In this post I retrace the steps I took for one of the take home analysis I was tasked with and revisit clustering, one of my favourite analytic methods. Only this time the set up is a lot closer to a real-world situation in that the data I had to analyse came with a mix of categorical and numerical feature. Simply put, this could not be tackled with a bog-standard K-means algorithm as it’s based on pairwise Euclidean distances and has no direct application to categorical data.

The data

library(tidyverse)
library(readxl)
library(skimr)
library(knitr) 
library(janitor)
library(cluster)
library(Rtsne)

The data represents all online acquisitions in February 2018 and their subscription status 3 months later (9th June 2018) for a Fictional News Aggregator Subscription business. It contains a number of parameters describing each account, like account creation date, campaign attributed to acquisition, payment method and length of product trial. A full description of the variables can be found in the Appendix

I got hold of this dataset in the course of a recruitment selection process as I was asked to carry out an analysis and present results and recommendations that could helps improve their products sign up in my final meeting. Although fictitious in nature, I thought it best to further anonimise the dataset by changing names and values of most of the variables as well as removing several features that were of no use to the analysis

The data was raw and required some cleansing and manipulation before it could be used for analysis. You can find the anonimised dataset on my GitHub profile, along with the scripts I used to cleanse the data and perform the analysis

Data Exploration

This is a vital part of any data analysis study, often overlooked in favour of the fancier and “sexier” modelling/playing with the algos. In fact, I find it one of the most creative phases of any project, where you “join the dots” among the different variables and start formulating interesting hypothesis for you to test later on

data_clean <- readRDS("../00_data/data_clean.rds")
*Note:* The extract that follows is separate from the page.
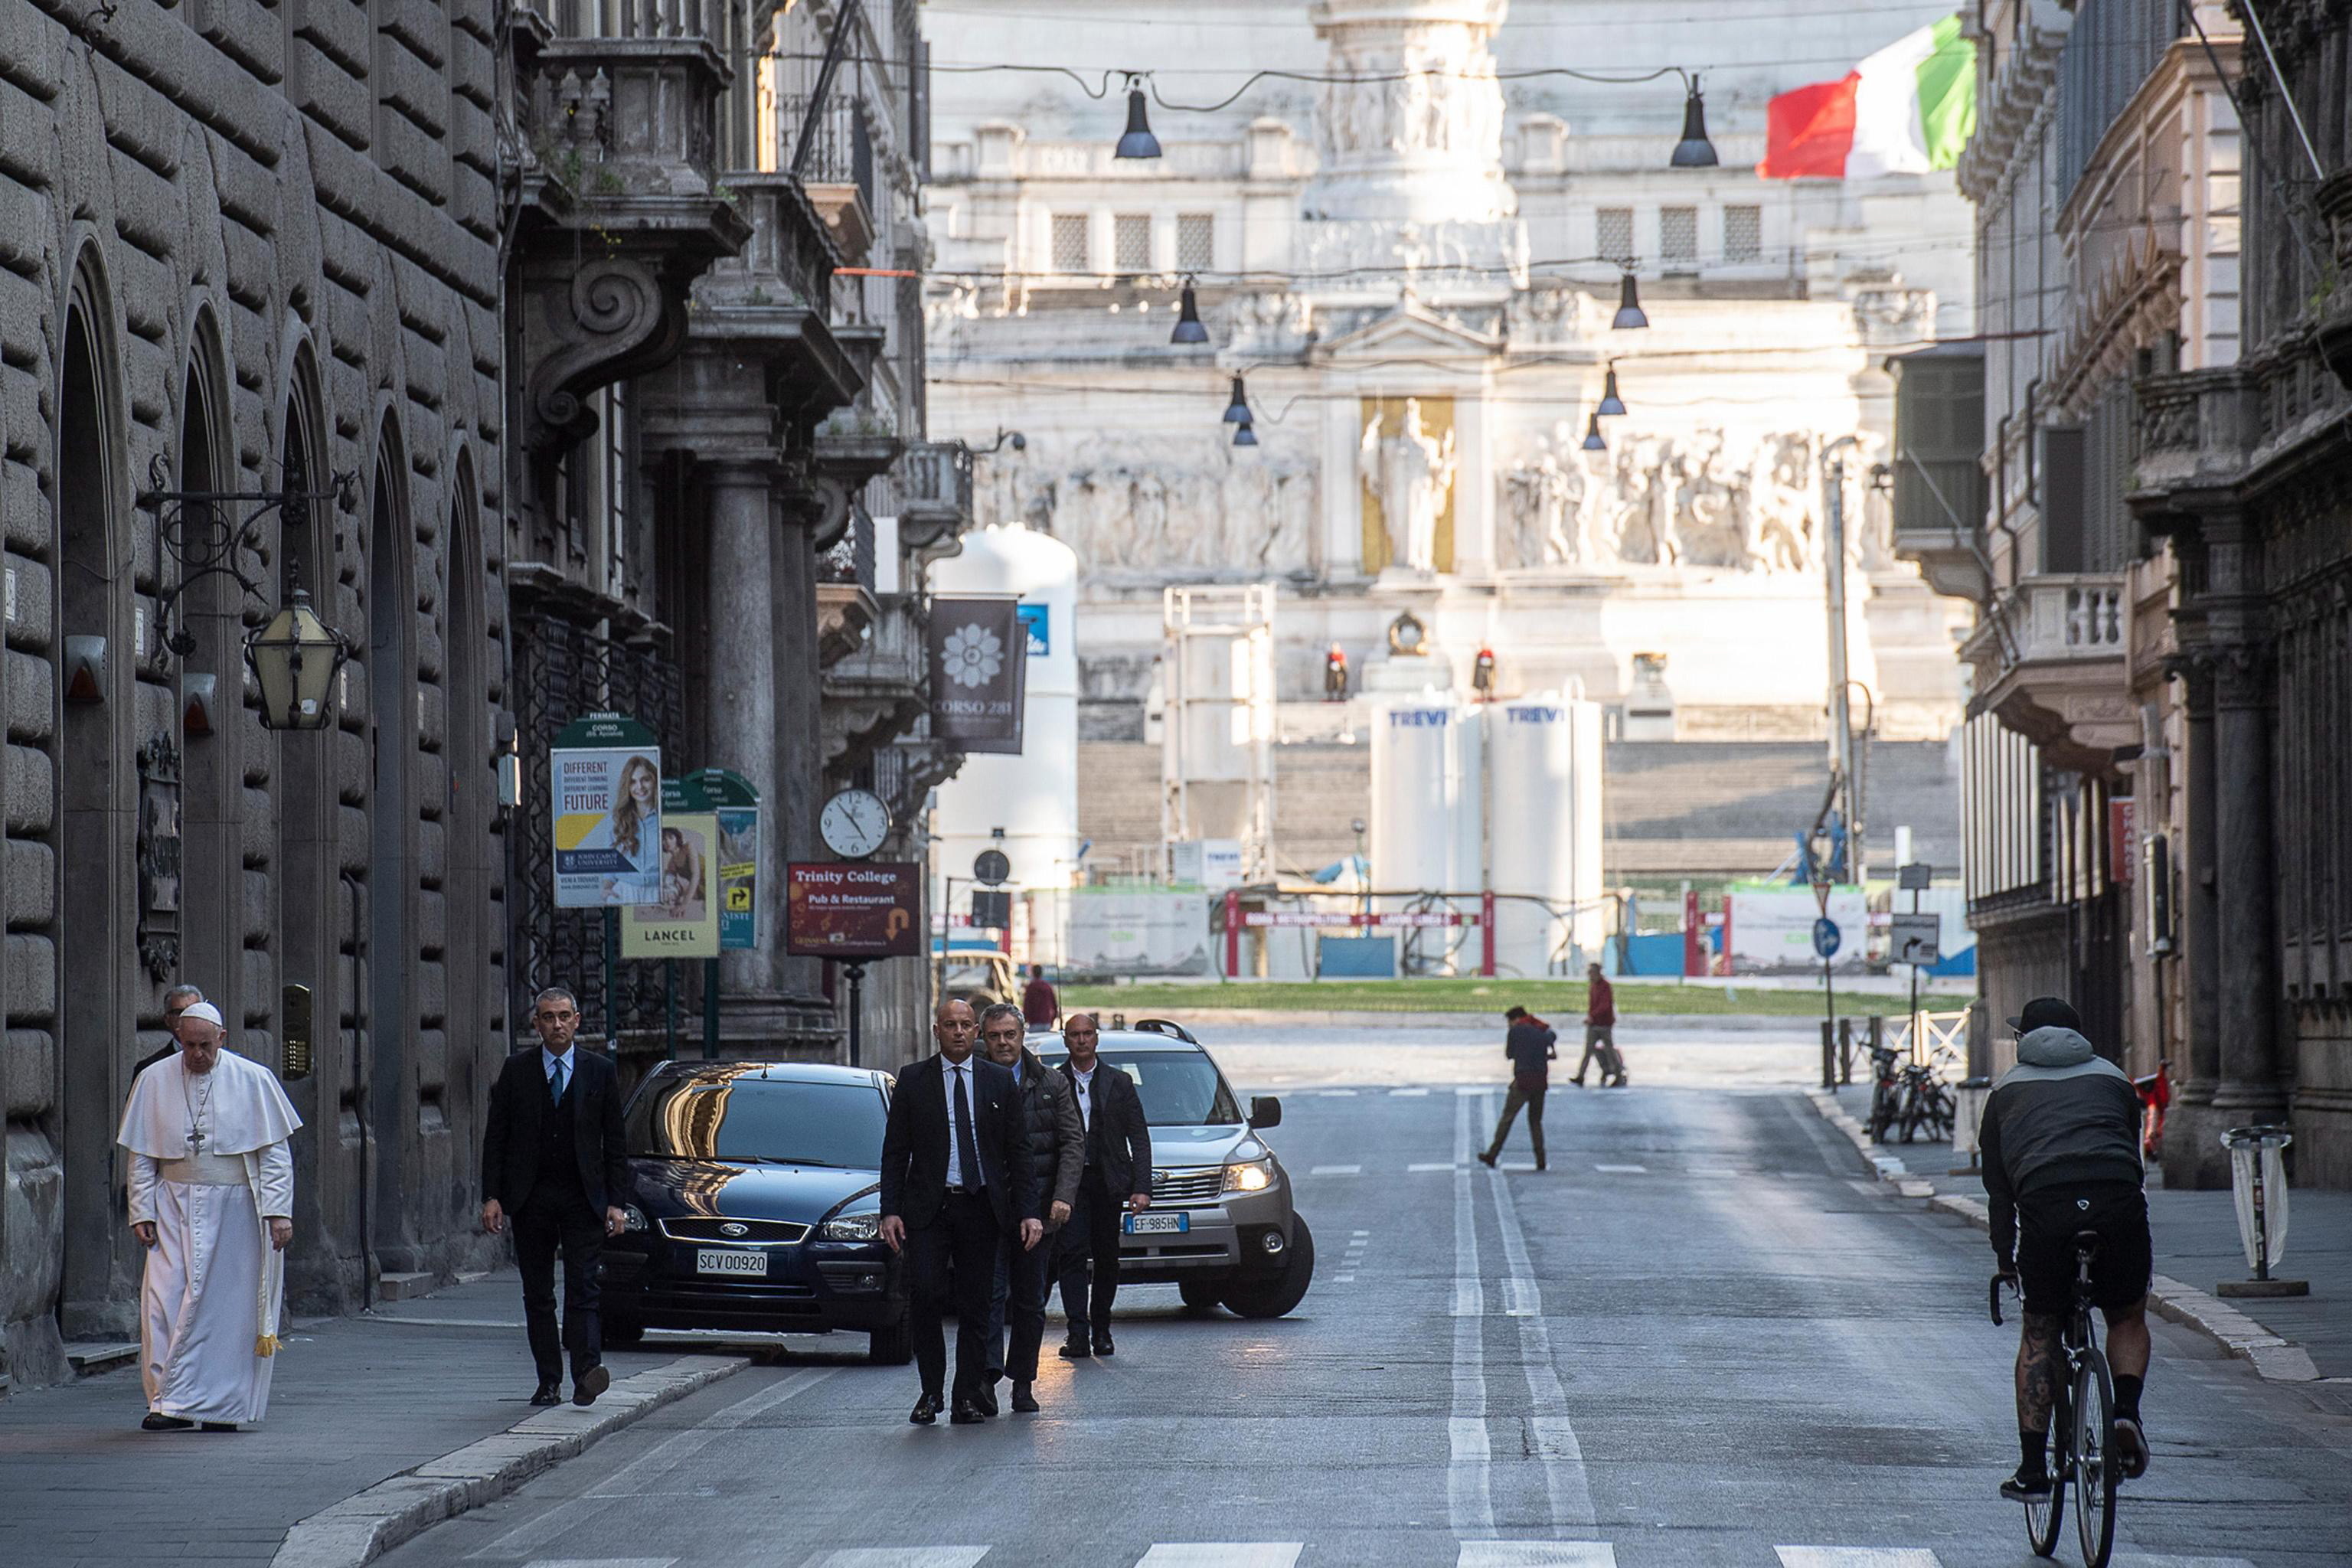 Papa, pe jos pe străzile pustii ale Romei, pentru a se ruga pentru sfârşitul pandemiei

Here I’m loading the cleaned data before I explore a selection of the features, run through a number of considerations to set up the analysis as well as show you some of the interesting insight I gathered. You can find the post covering data cleansing and formatting on my webpage @ Segmenting with Mixed Type Data - Initial data inspection and manupulation

In this project I’m also testing quite a few of the adorn_ and the tabyl functions from the janitor library, a family of functions created to help expedite the initial data exploration and cleaning but also very useful to create and format summary tables.

Country of Residence

Let’s start with the geographic distribution of subscribers, the overwhelming majority of whom are UK based

Cancellations

The dynamics of cancellations are definitely something that warrants further investigation (outside the scope of this study). In fact, Failed payments represent roughly 10% of total subscriptions and a staggering 38% when looking at cancellations alone

data_clean %>% 
   tabyl(canc_reason, status) %>%
   adorn_totals(c("row", "col")) %>% 
   adorn_percentages("col") %>%
   adorn_pct_formatting(rounding = "half up", digits = 1) %>% 
   adorn_ns() %>%
   adorn_title("combined") %>%
   kable(align = 'c')
canc_reason/status Active Cancelled Total
- 100.0% (3510) 18.1% (224) 78.6% (3734)
Competitor 0.0% (0) 1.5% (18) 0.4% (18)
Editorial 0.0% (0) 3.6% (44) 0.9% (44)
Failed Payment 0.0% (0) 37.9% (469) 9.9% (469)
Lack of time 0.0% (0) 19.5% (242) 5.1% (242)
Other 0.0% (0) 6.5% (81) 1.7% (81)
Price 0.0% (0) 8.2% (101) 2.1% (101)
UX Related 0.0% (0) 4.8% (60) 1.3% (60)
Total 100.0% (3510) 100.0% (1239) 100.0% (4749)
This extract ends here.